30


SIMEON HAD LONG AGO learned to ignore the twice-daily rumble of sound in the stairwell. Harry and Jack, two sweet gay men who had recently celebrated their fiftieth anniversary together, went up and down the narrow squeaking stairwell at least four times each day, usually to walk their two Shih-Tzus, Wobbie and Oliver. The men-both big blonds from the Midwest-were always together. When they navigated the stairs to their apartment just above Simeon’s, they jostled against the walls. Harry, once a stage dancer in Broadway musicals, who wore a cravat around his neck every day of the year, had developed diabetes. Because of the disease, he recently had two toes removed, and he often stumbled. Jack held him up, talking to him at times in an encouraging tone as if he were a parent urging on a child just learning to walk: “Good for you, you can do it.”

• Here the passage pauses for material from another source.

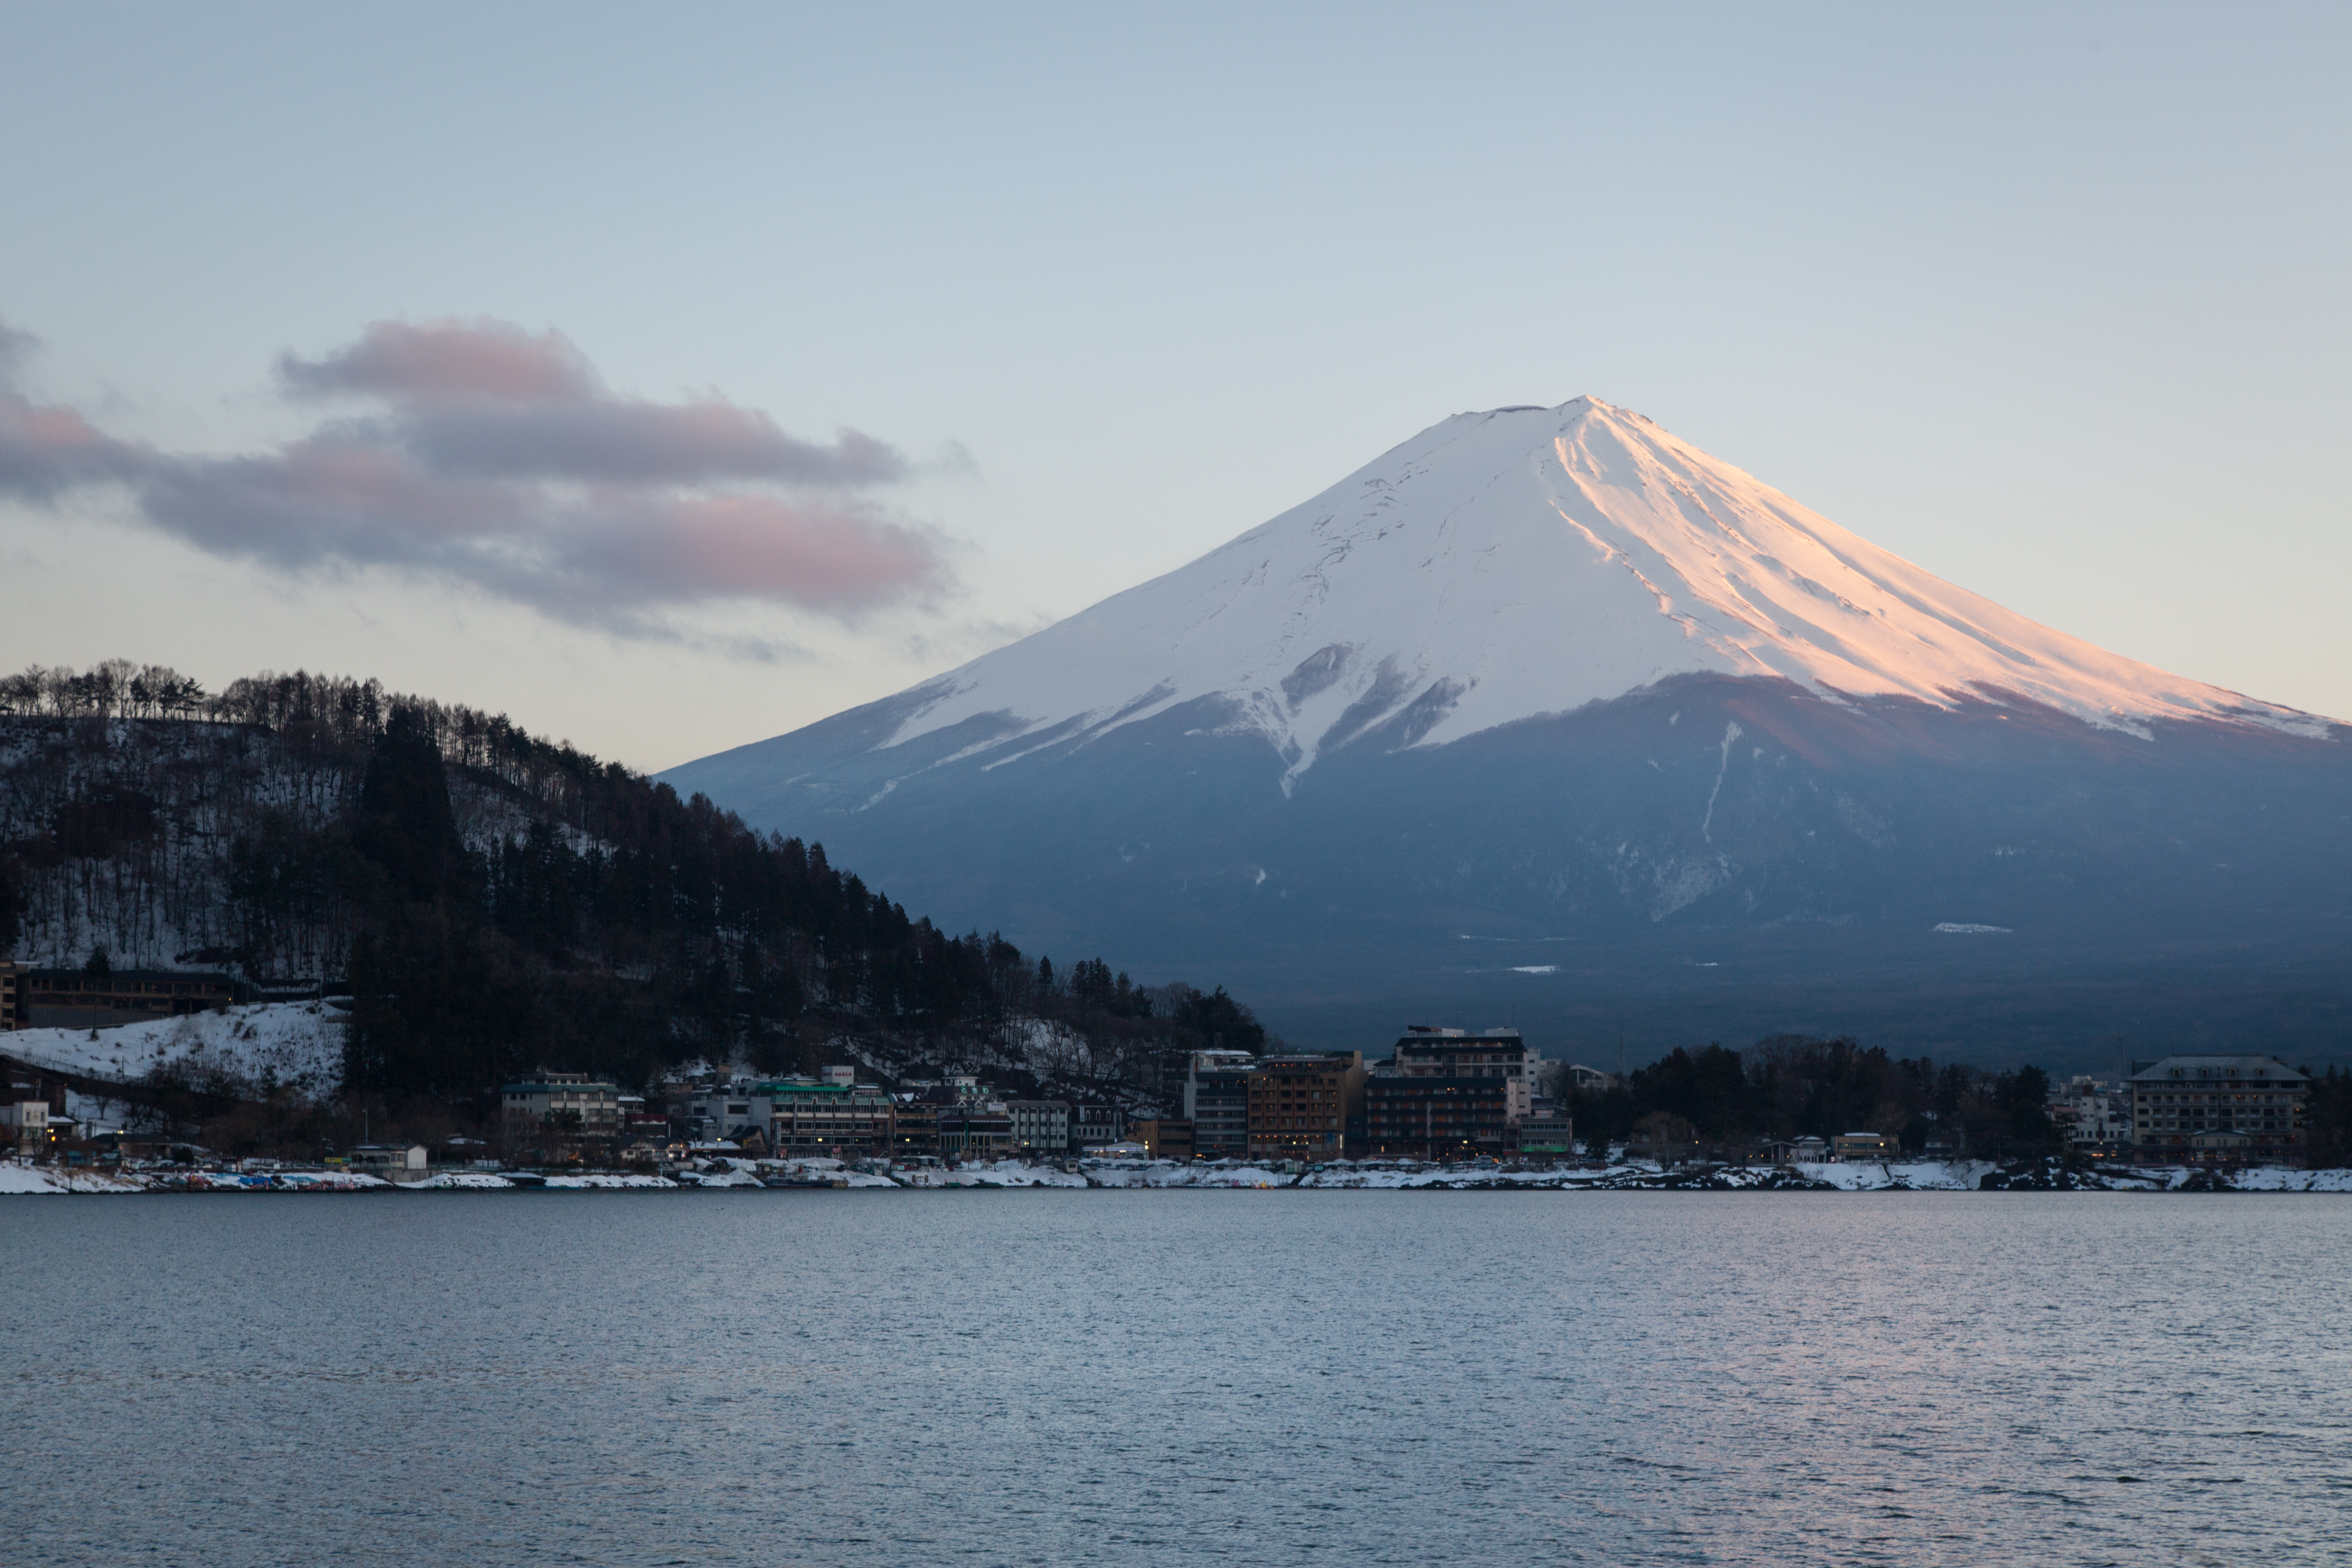 Trip to Mt. Fuji and Kawaguchiko
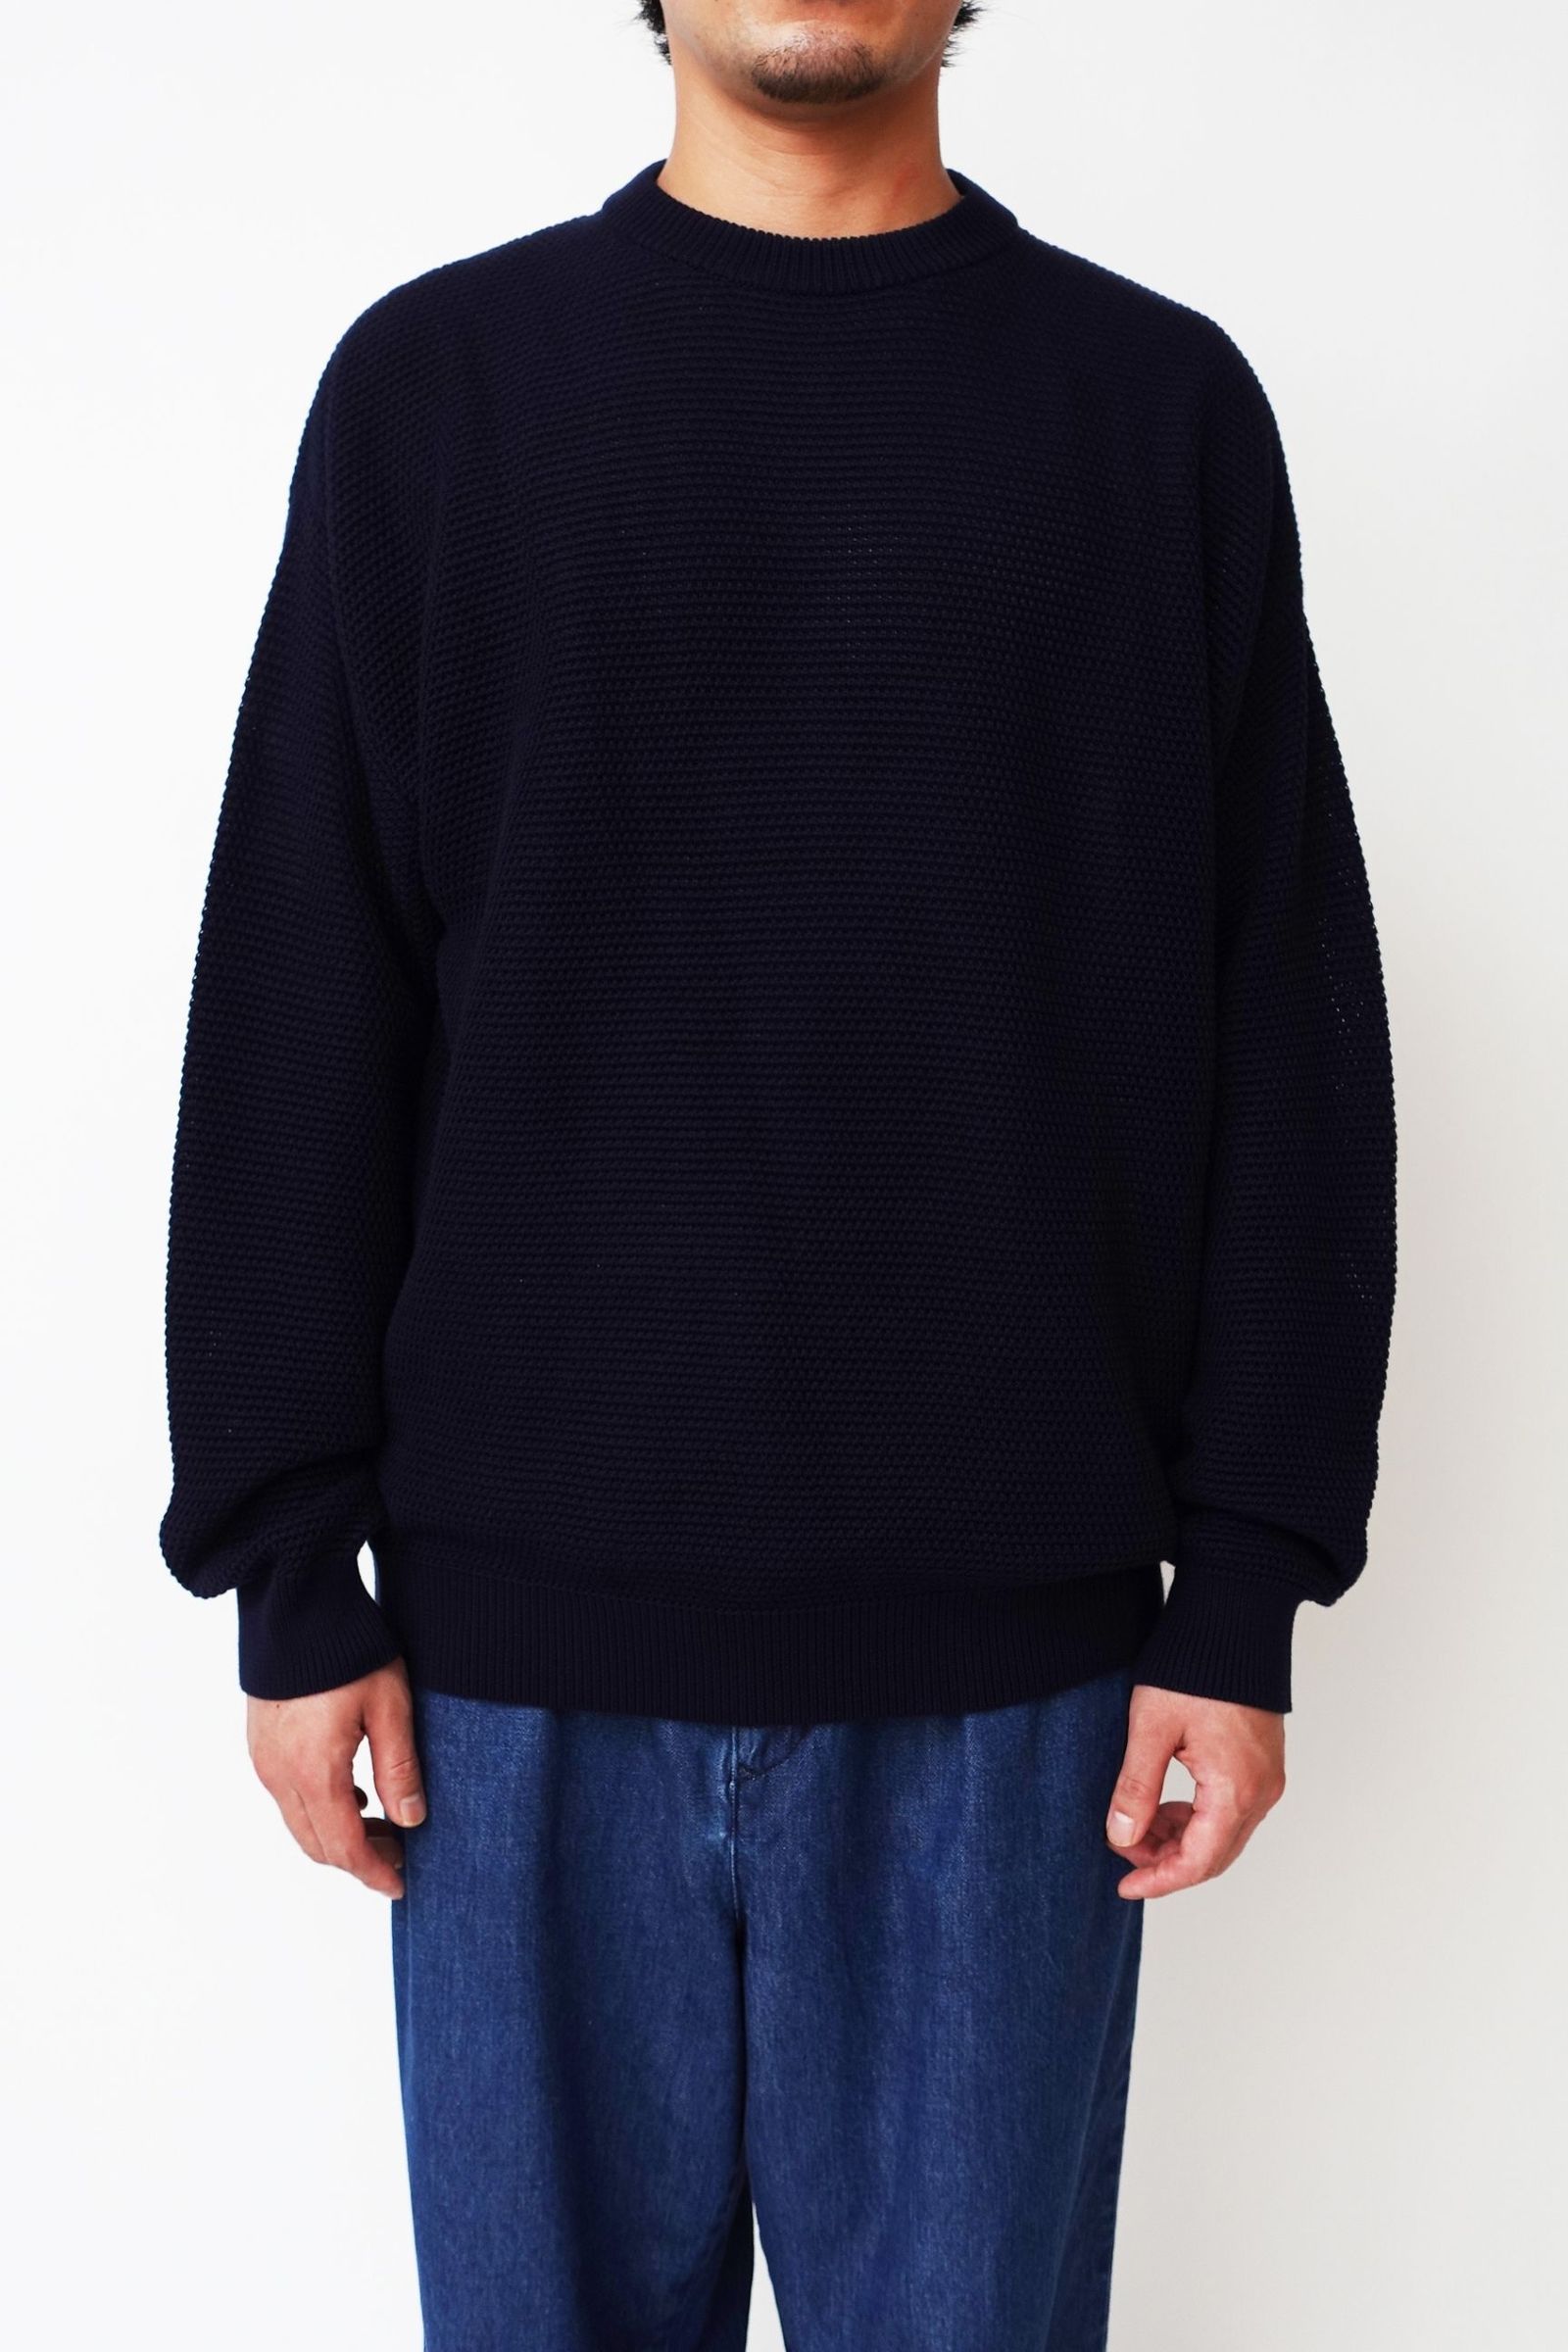 evcon エビコン Cotton Knit Crew Sweater 1LDK ニット/セーター トップス メンズ 【お気に入り】

Simeon looked up from his writing. He had been editing his article with a pencil he had just sharpened. He held the pencil aloft as he waited for the rumble to pass from the landing in front of his apartment. But this time the sound was suspended. Simeon thought that something might have happened to them.

Then the door, always unlocked, burst inward. Two black men in winter street clothes-sagging corduroy pants, puffy winter jackets that made them look like the figure in the Michelin tire commercials, basketball-player sneakers, and those big baseball-style caps too large for their heads-rushed into the apartment and raced toward Simeon from different directions. Simeon instinctively pushed backward in his wooden chair. As the chair toppled over, he shouted, “Please don’t hurt me. Please.”